Everyone knows each other on Malibu Drive at Edina's western edge. It's a great place to live, people say, with good neighbors and beautiful surroundings, including a wetland with pheasants, fox and deer.

But it's hard to sleep with windows open on a summer night, or even to eat dinner in the back yard. Motorcycles gun their engines. Ambulances scream. Downshifting semitrailer trucks grind their gears.

The noise comes from the Hwy. 169 bridge on the other side of the wetland. Last summer, 19 Malibu residents petitioned Edina to add a sound barrier to the bridge. They knew they would be assessed for the cost.

This week, the Edina City Council was told a barrier of preserved wood can't be built because of Minnesota Department of Transportation concerns that leaching chemicals could pollute the wetland. Any wall must be Plexiglas.

The estimated cost: $2.75 million, with possible assessments ranging from $165,000 for those closest to the highway to a low of about $21,200 -- 80 percent higher than a wood wall.

That "is not economically feasible," City Engineer Wayne Houle told the council.

And Catherine Antil, a longtime Malibu resident, agrees. "That's a bit out of reach for me," she said.

So there will be no wall. A disappointed Donna Thoele, who started the petition drive 14 months ago, said the ruling that a wall had to be Plexiglas seemed "silly."

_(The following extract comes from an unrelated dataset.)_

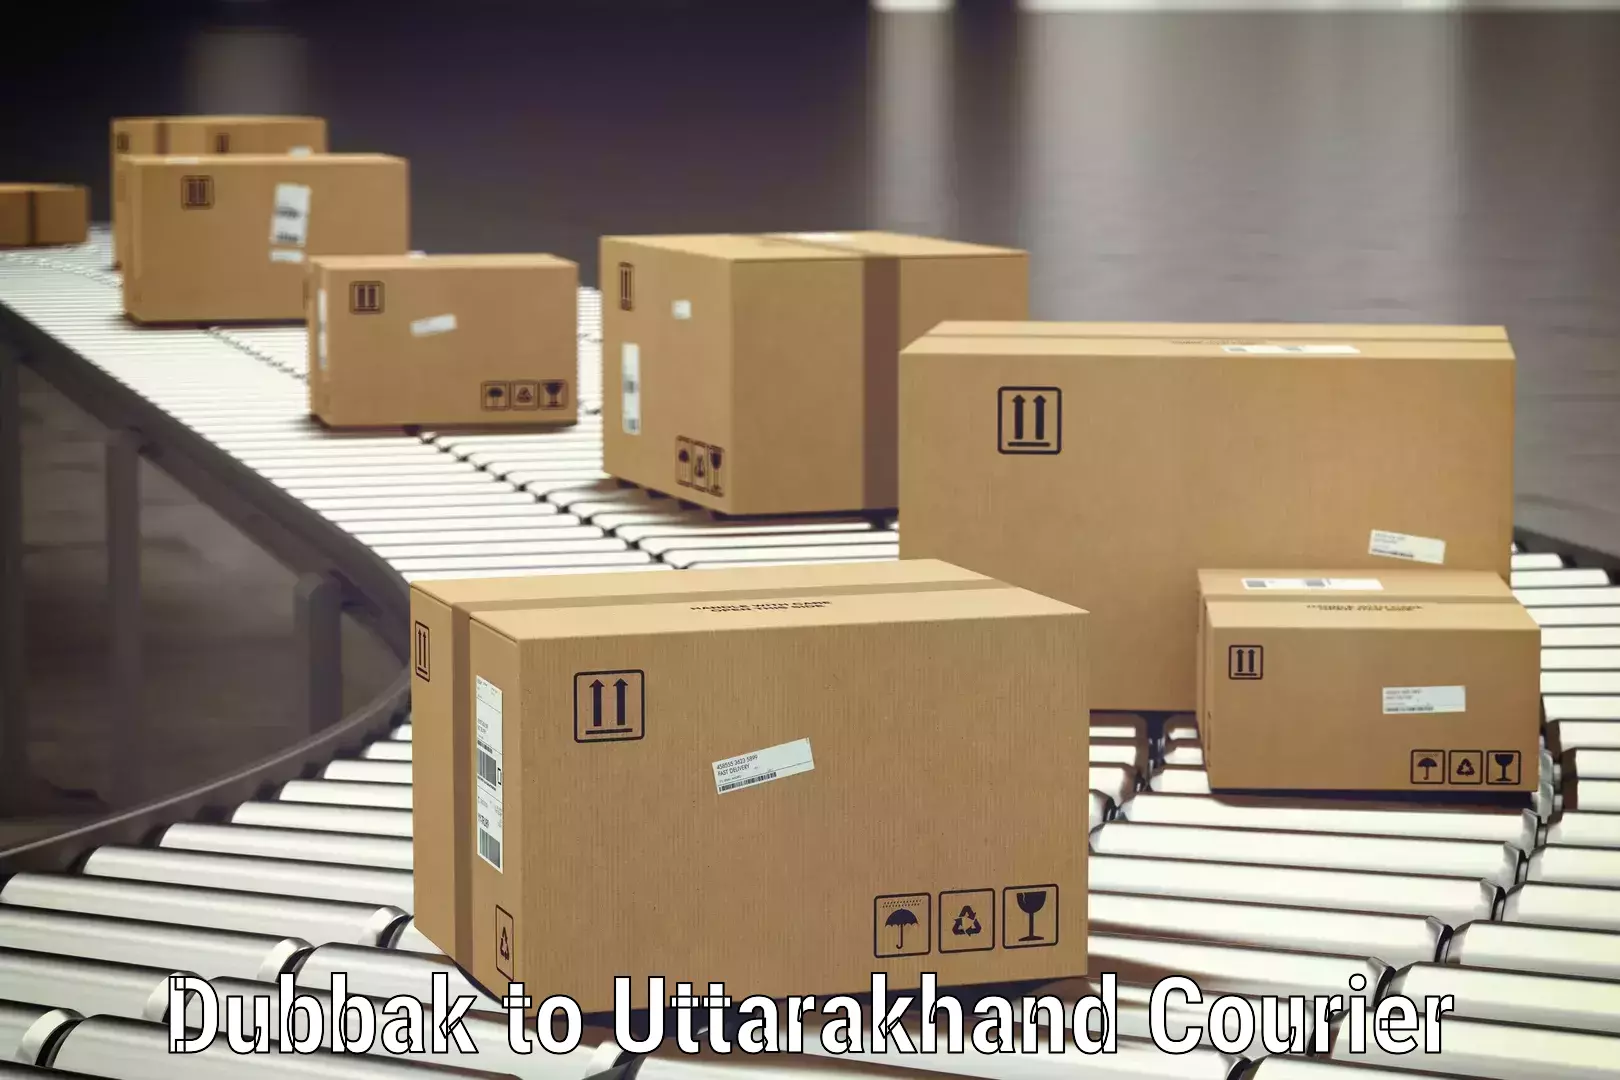 Luggage transport solutions in Dubbak to Srinagar Pauri Garhwal

"Can't they seal the wood or something?" she asked.

How irritating the bridge noise is varies by location. Gloria Cooper, who has lived on Malibu for more than 20 years, said she is now used to it.

"It's pretty much background noise for me," she said. She signed the petition partly because she thinks a sound barrier would help if she and her husband ever wanted to sell their house, she said.

But Antil thinks the noise is getting worse. While she said the neighborhood is wonderful -- she watches for the same big buck to visit the wetland each year, looking for a mate -- "it really is noisy out there, and I think the pollution is bad, too. You can smell it."

Carol-Jean Meldahl has rented half of Antil's twin home for four years. She said traffic passing over the low bridge makes it reverberate "like pounding on a drum." It has gotten worse since the Interstate 35W bridge collapse, she said. The noise got so bad last summer that she moved her patio set from a screened-in room in the back yard to the front yard.

"Now we're looking over our driveway, which is not like looking over a beautiful wetland and the wildlife," she said. "The noise is so intense you can't have a conversation back there."

Meldahl and Thoele wonder why the city doesn't help pay for a sound wall.

Houle said that where barriers don't qualify for state funding, the city's policy is to bill residents who benefit from a wall for its construction. That's what happened several years ago when a wood barrier was erected along Hwy. 100 near Minnehaha Creek. Houle said homeowners were assessed between $18,000 and $20,000 apiece.

"They saw it as worth it," he said.

Even wood plank and concrete post barriers cost about $2 million per mile, MnDOT public affairs coordinator Beth Petrowske said in an e-mail response to questions. She said the Edina location doesn't meet MnDOT's cost-benefit standards for a wall, and that a wall wouldn't do much good because homes are some distance from the bridge.

MnDOT reviews of treated wood walls indicate that they shouldn't be used within 100 feet of surface water because of chemical leaching, Petrowske said. Engineers also were concerned about having any barrier on the Hwy. 169 bridge because of concerns about snow storage and whether the bridge could support a barrier.

No Plexiglas sound barriers exist on state roads yet, but one will be built on the Minnehaha Creek/I-35W bridge as part of Crosstown reconstruction, Petrowske said. She said MnDOT experts haven't found another lightweight material such as Plexiglas that has a crash approval rating and is suitable for bridge barriers.

Edina will investigate low-tech alternatives to a sound wall. At the City Council meeting, council members wondered if a berm or evergreen plantings could be used to muffle bridge sound.

Thoele was skeptical, saying they'd have to be pretty big evergreens to block bridge noise. Cooper agreed, but said she hopes someone finds a solution.

"With all the smart people, the technically bright people out there, you'd think they could come up with something else," she said.